# Your assignment
Below is a listing to write out in full, exactly as given, without its pictures.

# Supplied material
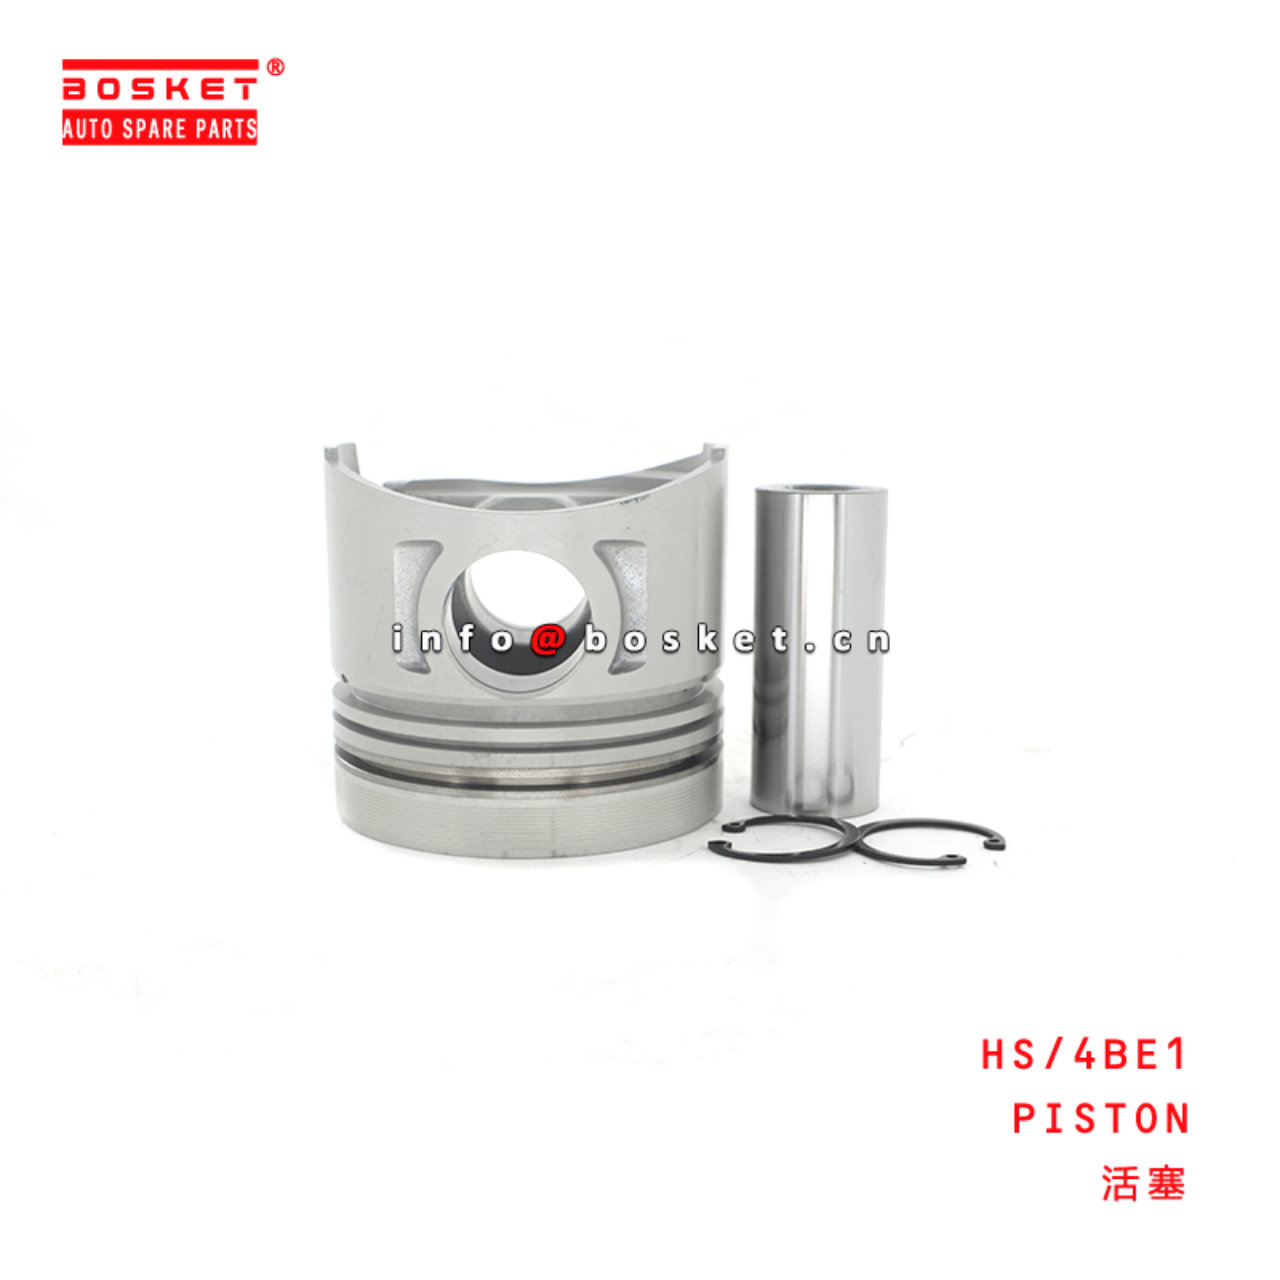 HS/4BE1 Piston Suitable for ISUZU 4BE1 
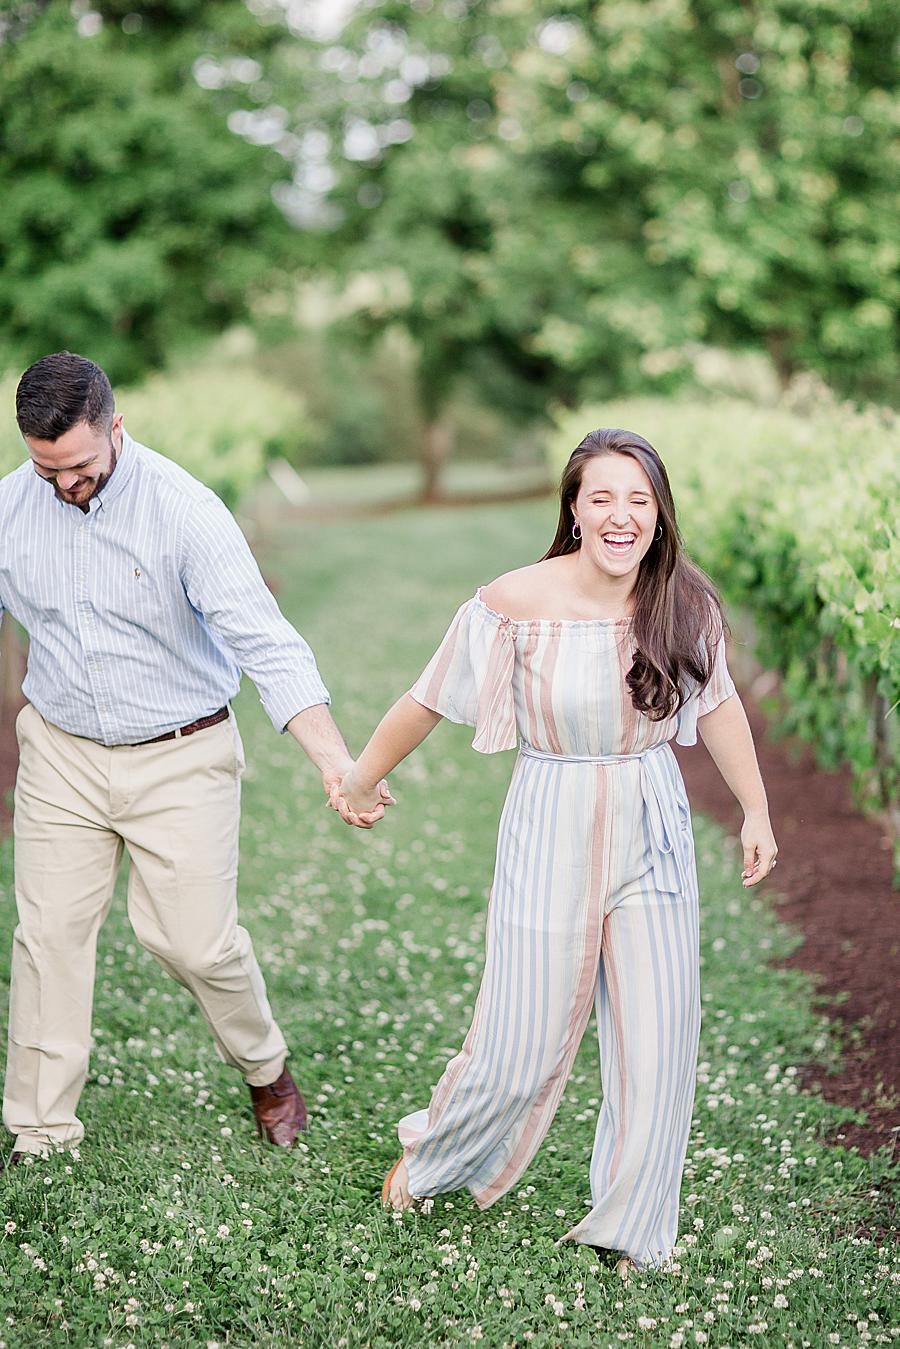 Laughing at this Castleton by Knoxville Wedding Photographer, Amanda May Photos.
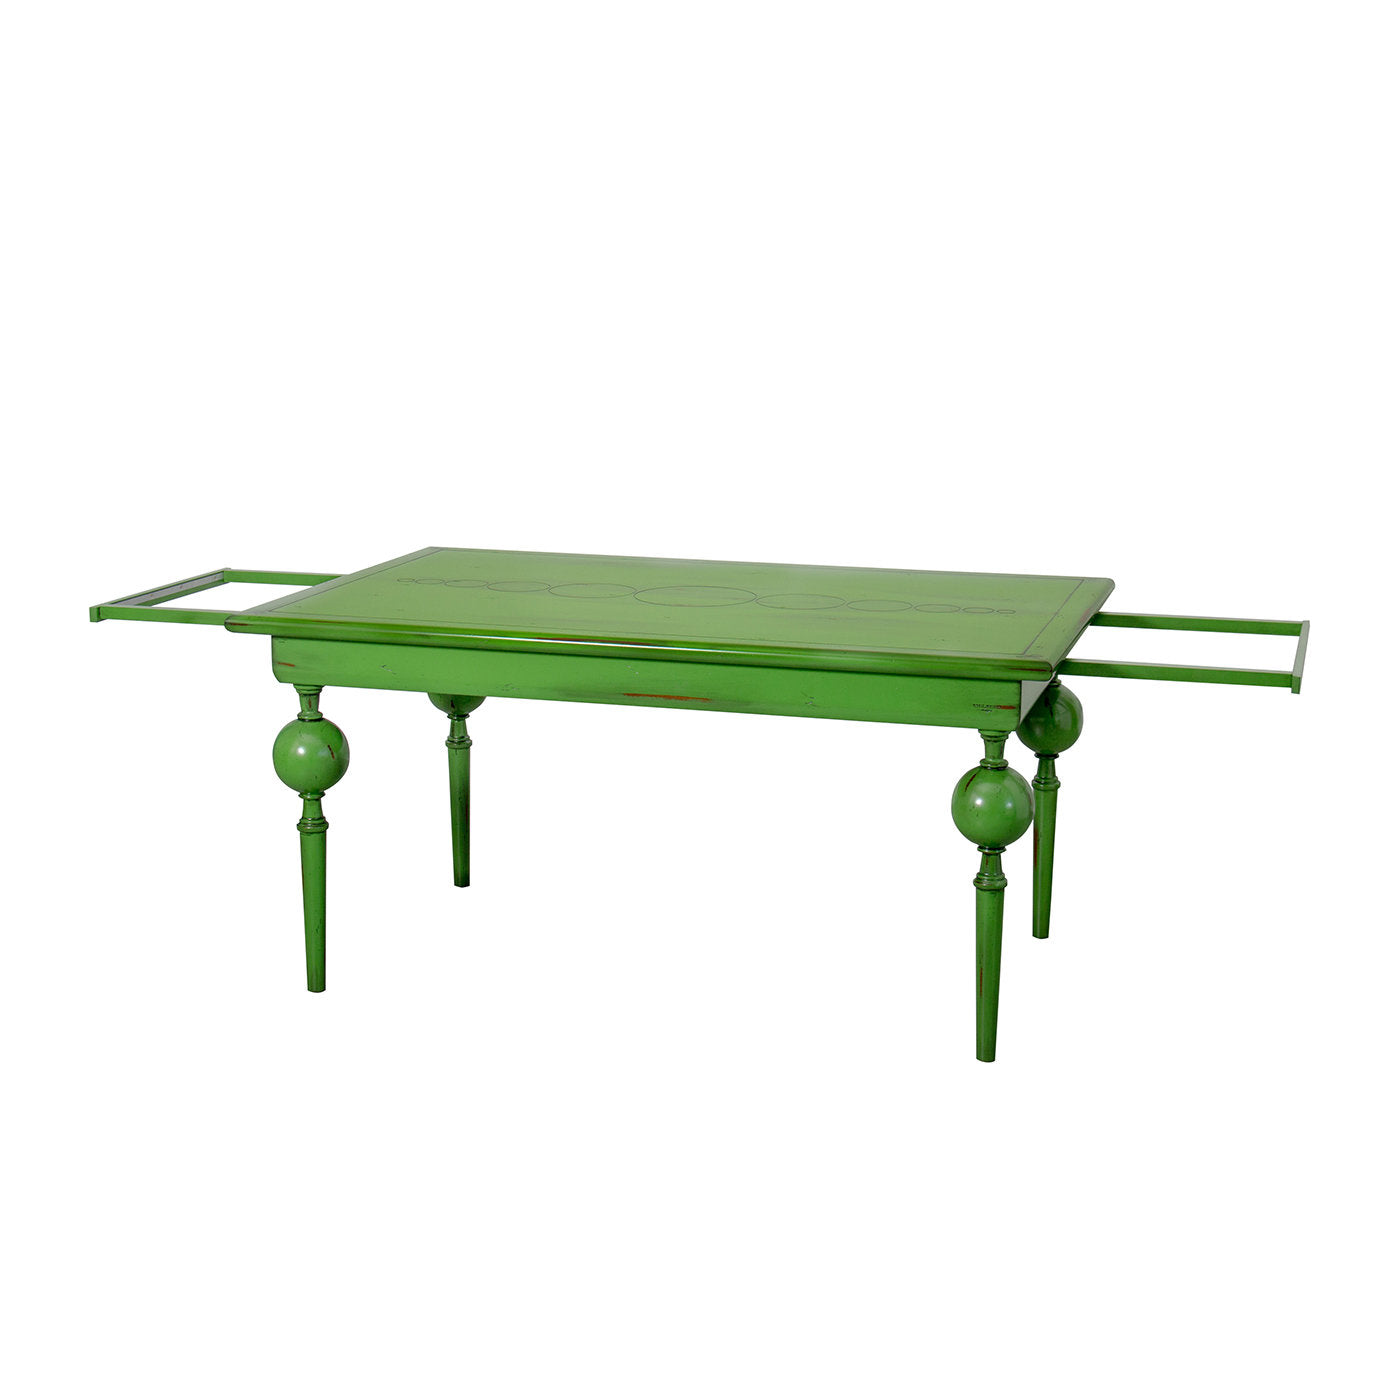 Le Bolle Extendable Table - Alternative view 2

# Task solution
 HS/4BE1 Piston Suitable for ISUZU 4BE1 
 Laughing at this Castleton by Knoxville Wedding Photographer, Amanda May Photos.
 Le Bolle Extendable Table - Alternative view 2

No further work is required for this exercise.